#### Given material:

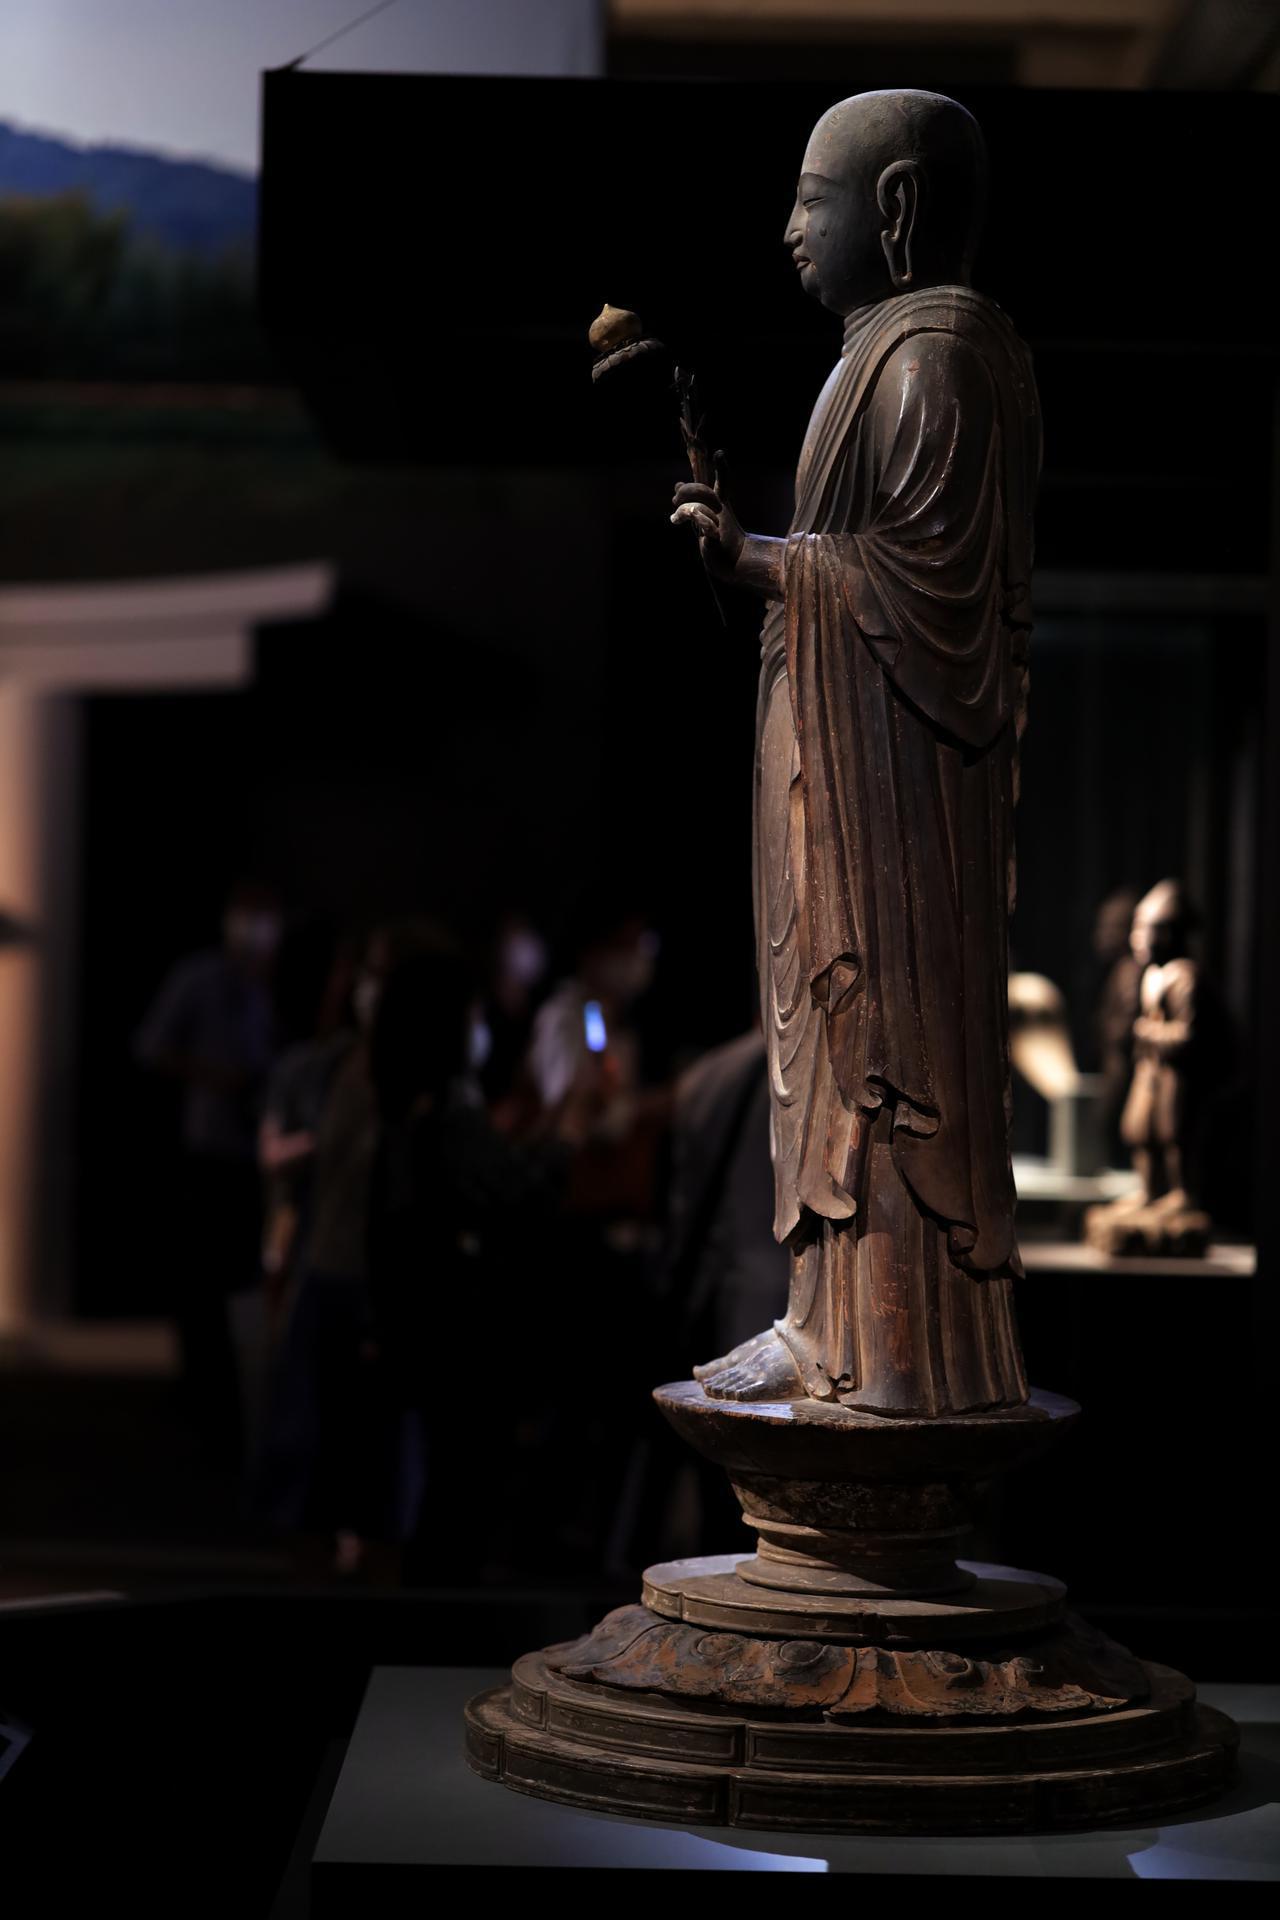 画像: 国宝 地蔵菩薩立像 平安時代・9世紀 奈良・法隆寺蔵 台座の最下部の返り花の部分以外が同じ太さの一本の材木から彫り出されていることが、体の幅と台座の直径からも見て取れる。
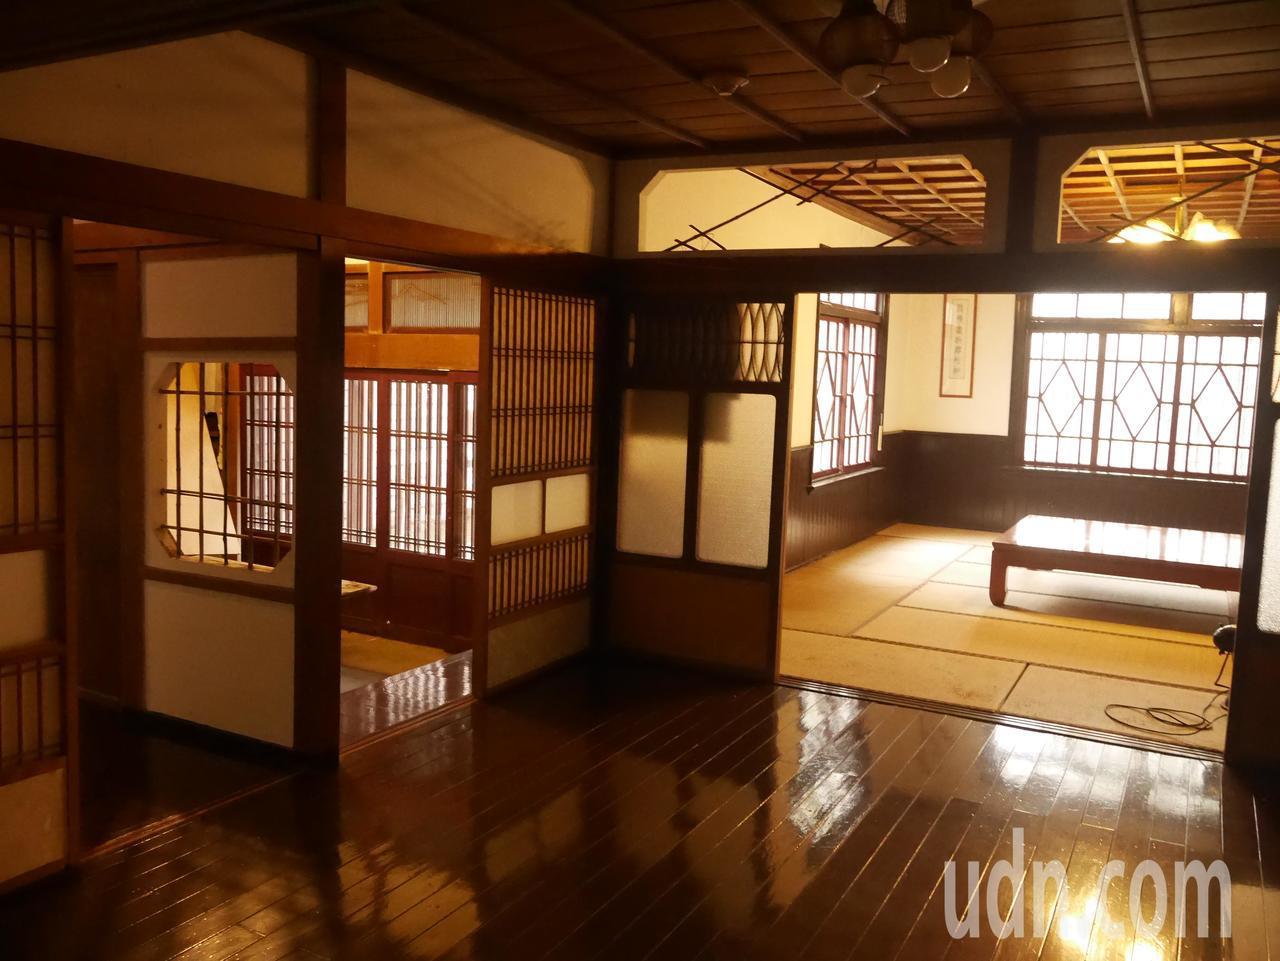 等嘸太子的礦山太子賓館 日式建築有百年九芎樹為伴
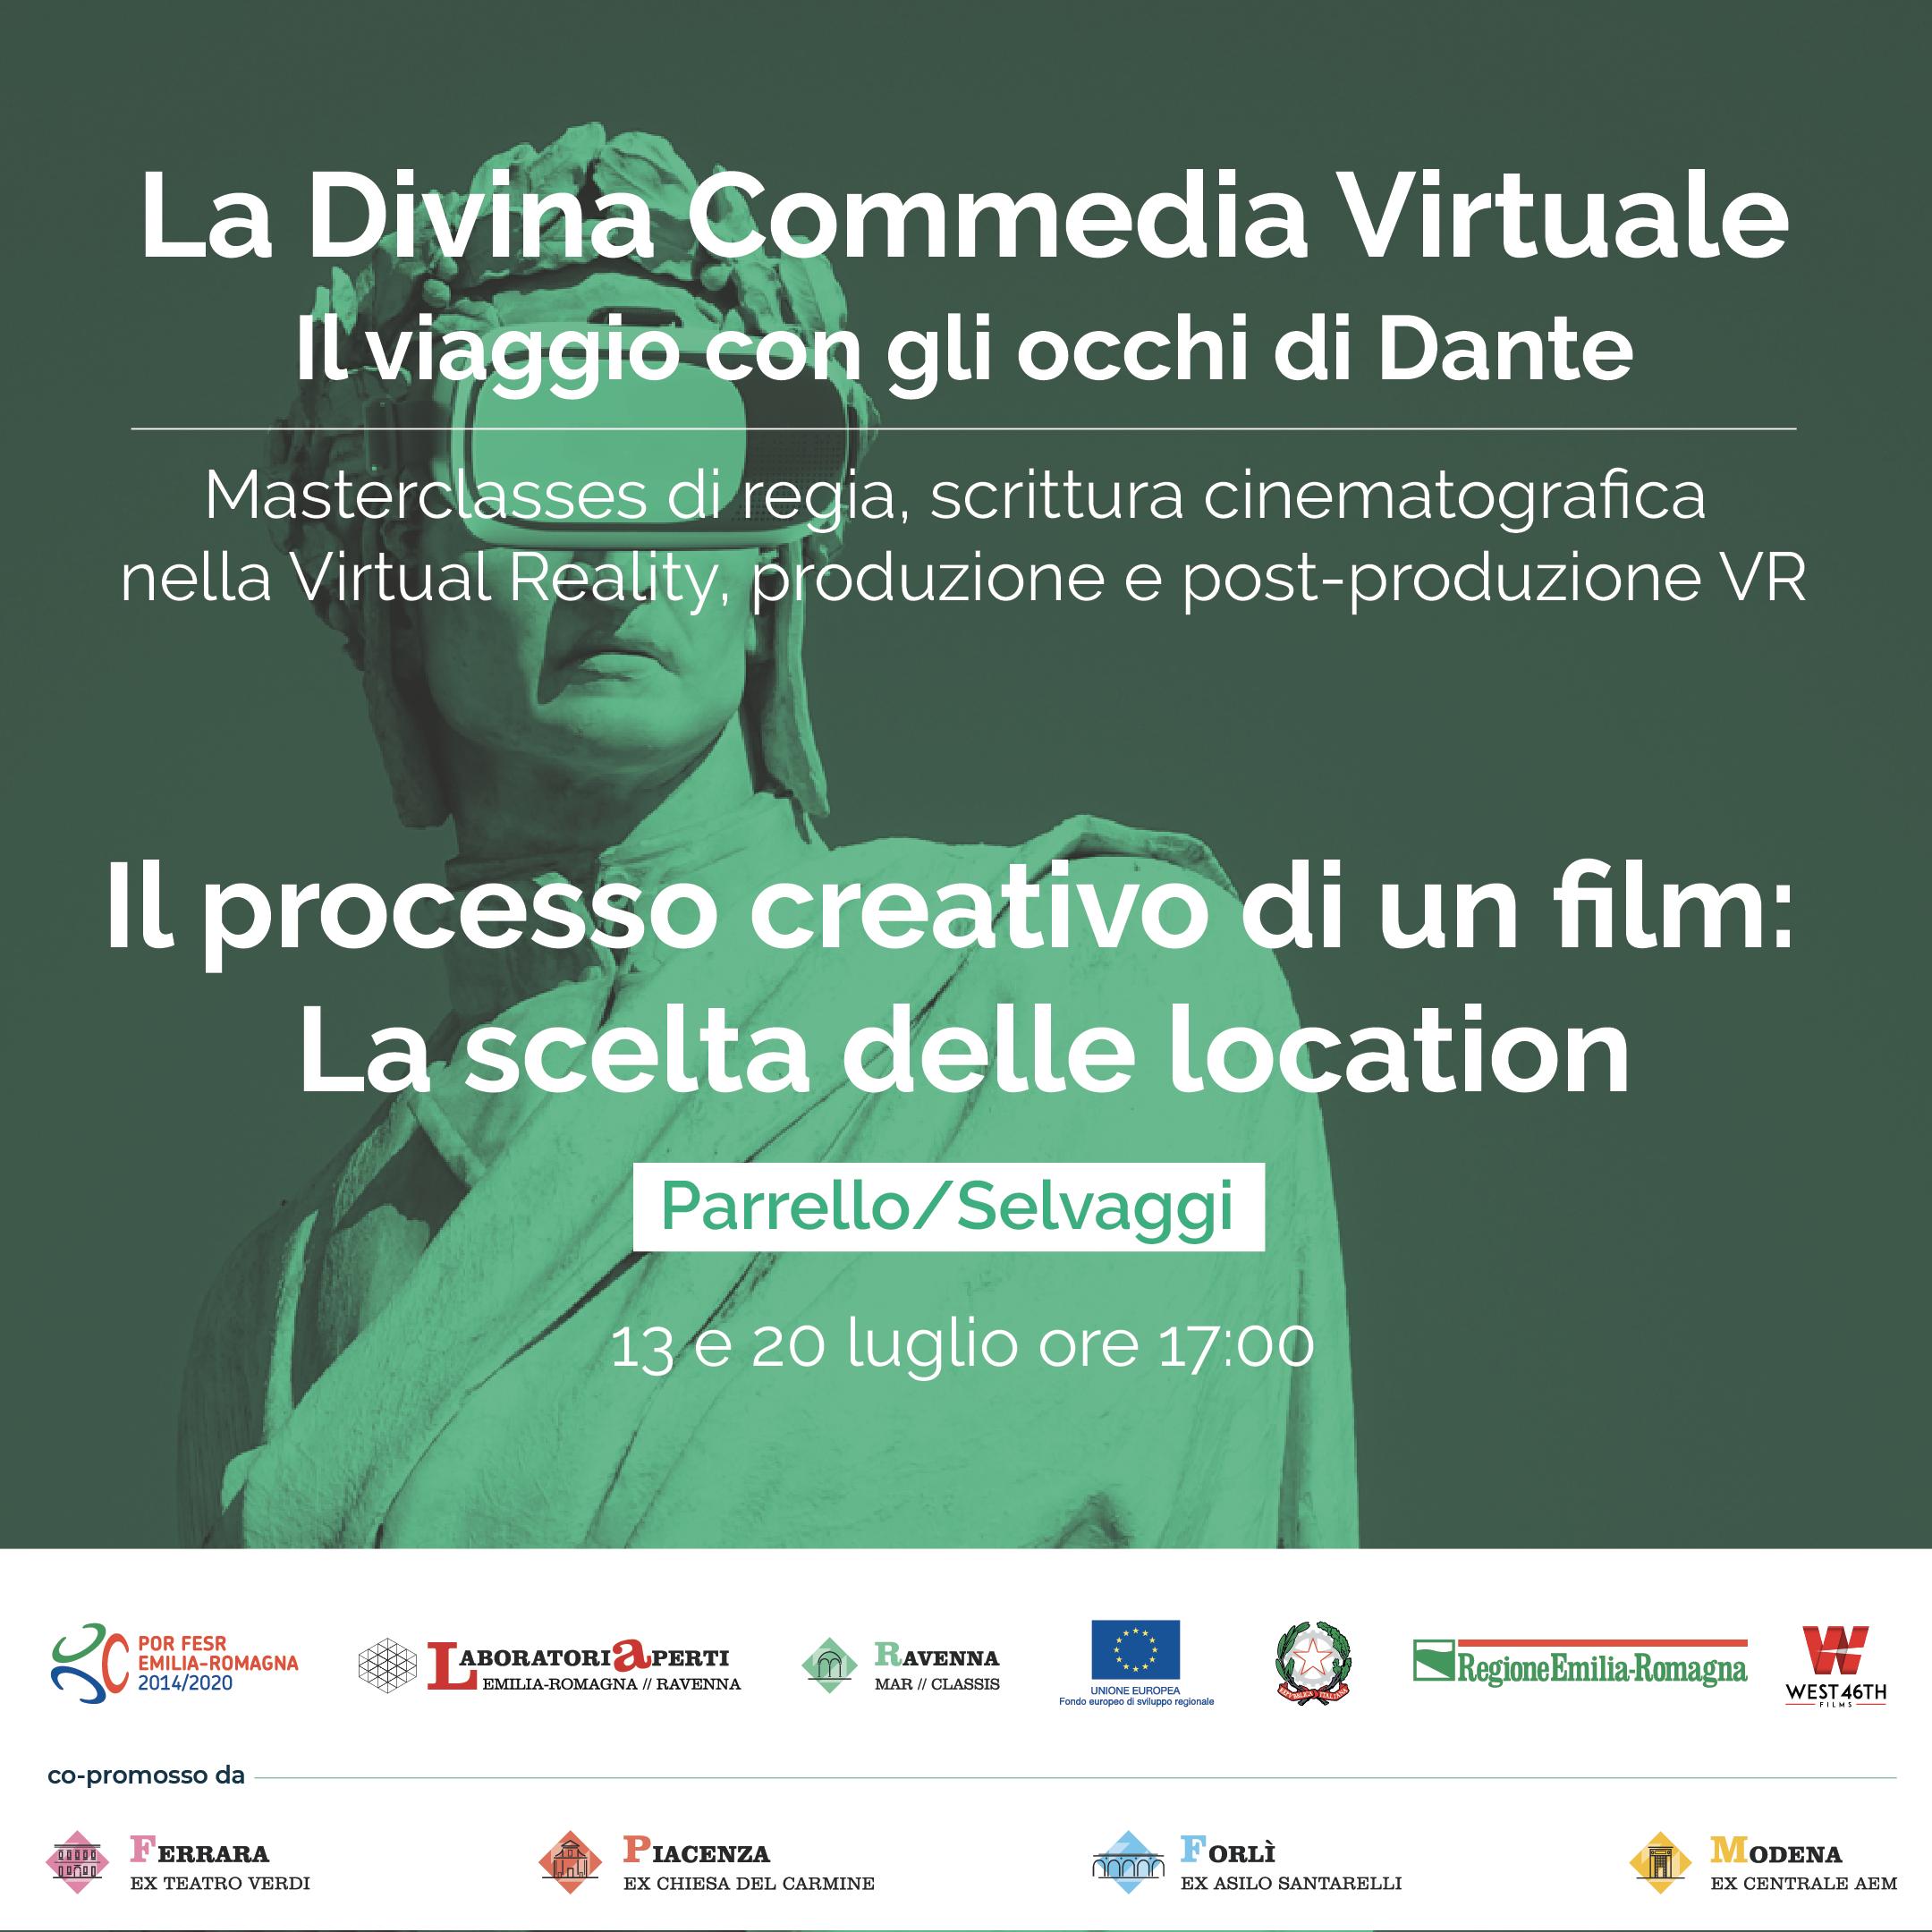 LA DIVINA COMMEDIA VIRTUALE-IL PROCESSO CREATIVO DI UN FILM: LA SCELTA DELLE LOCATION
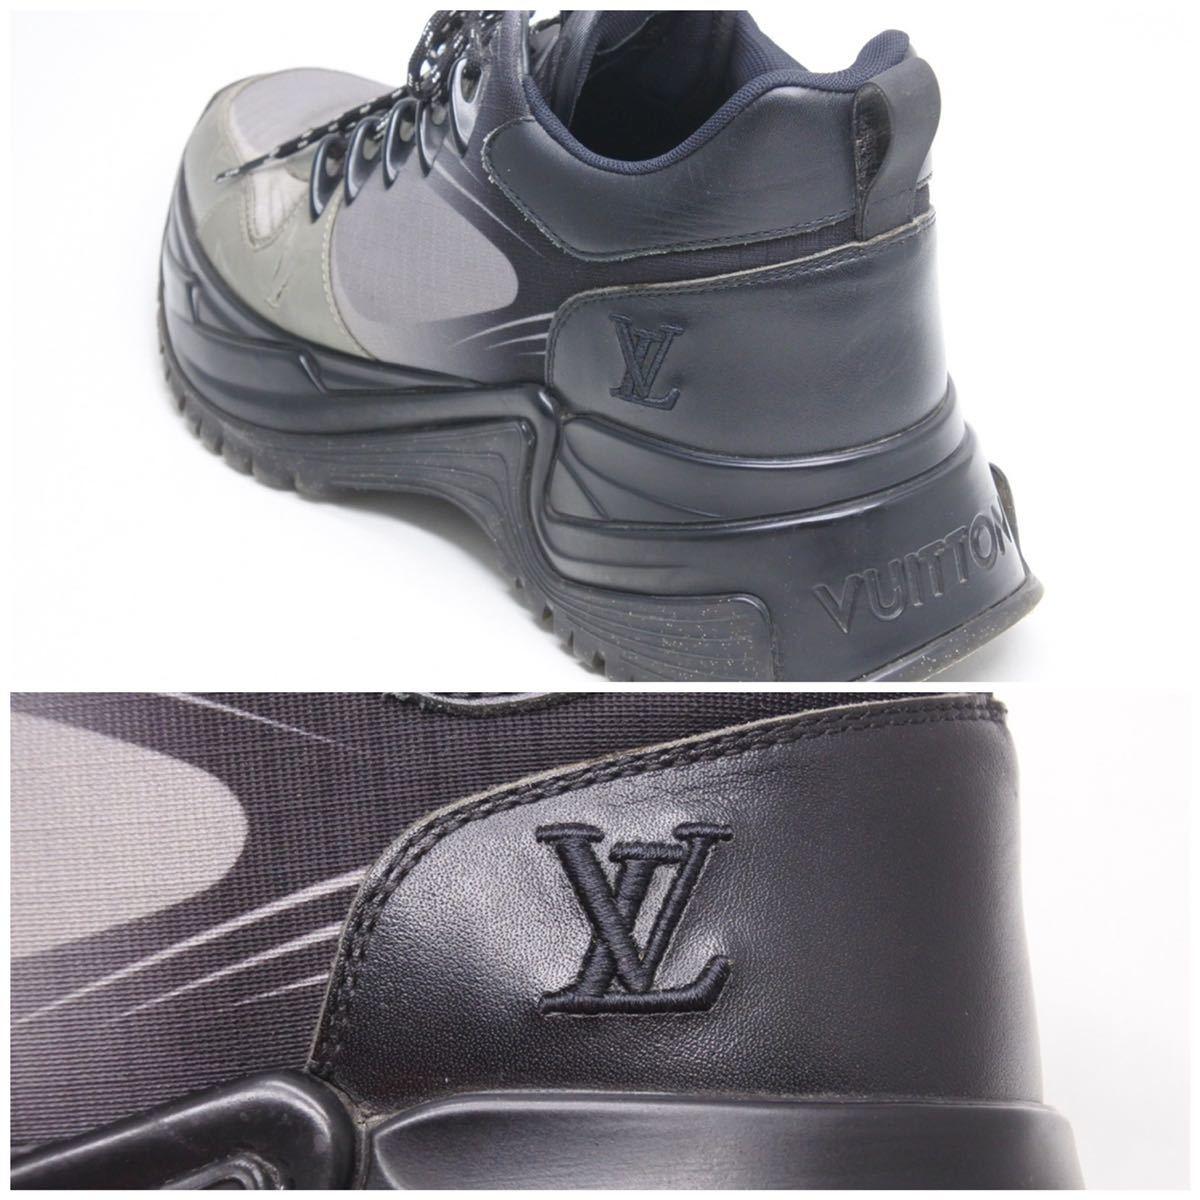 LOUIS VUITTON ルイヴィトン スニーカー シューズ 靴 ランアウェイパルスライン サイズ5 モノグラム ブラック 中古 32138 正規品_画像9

#### Task to complete:
Word for word, retype all of the data above, but include no pictures.

#### Solved problem:
 画像: 国宝 地蔵菩薩立像 平安時代・9世紀 奈良・法隆寺蔵 台座の最下部の返り花の部分以外が同じ太さの一本の材木から彫り出されていることが、体の幅と台座の直径からも見て取れる。
 等嘸太子的礦山太子賓館 日式建築有百年九芎樹為伴
 LA DIVINA COMMEDIA VIRTUALE-IL PROCESSO CREATIVO DI UN FILM: LA SCELTA DELLE LOCATION
 LOUIS VUITTON ルイヴィトン スニーカー シューズ 靴 ランアウェイパルスライン サイズ5 モノグラム ブラック 中古 32138 正規品_画像9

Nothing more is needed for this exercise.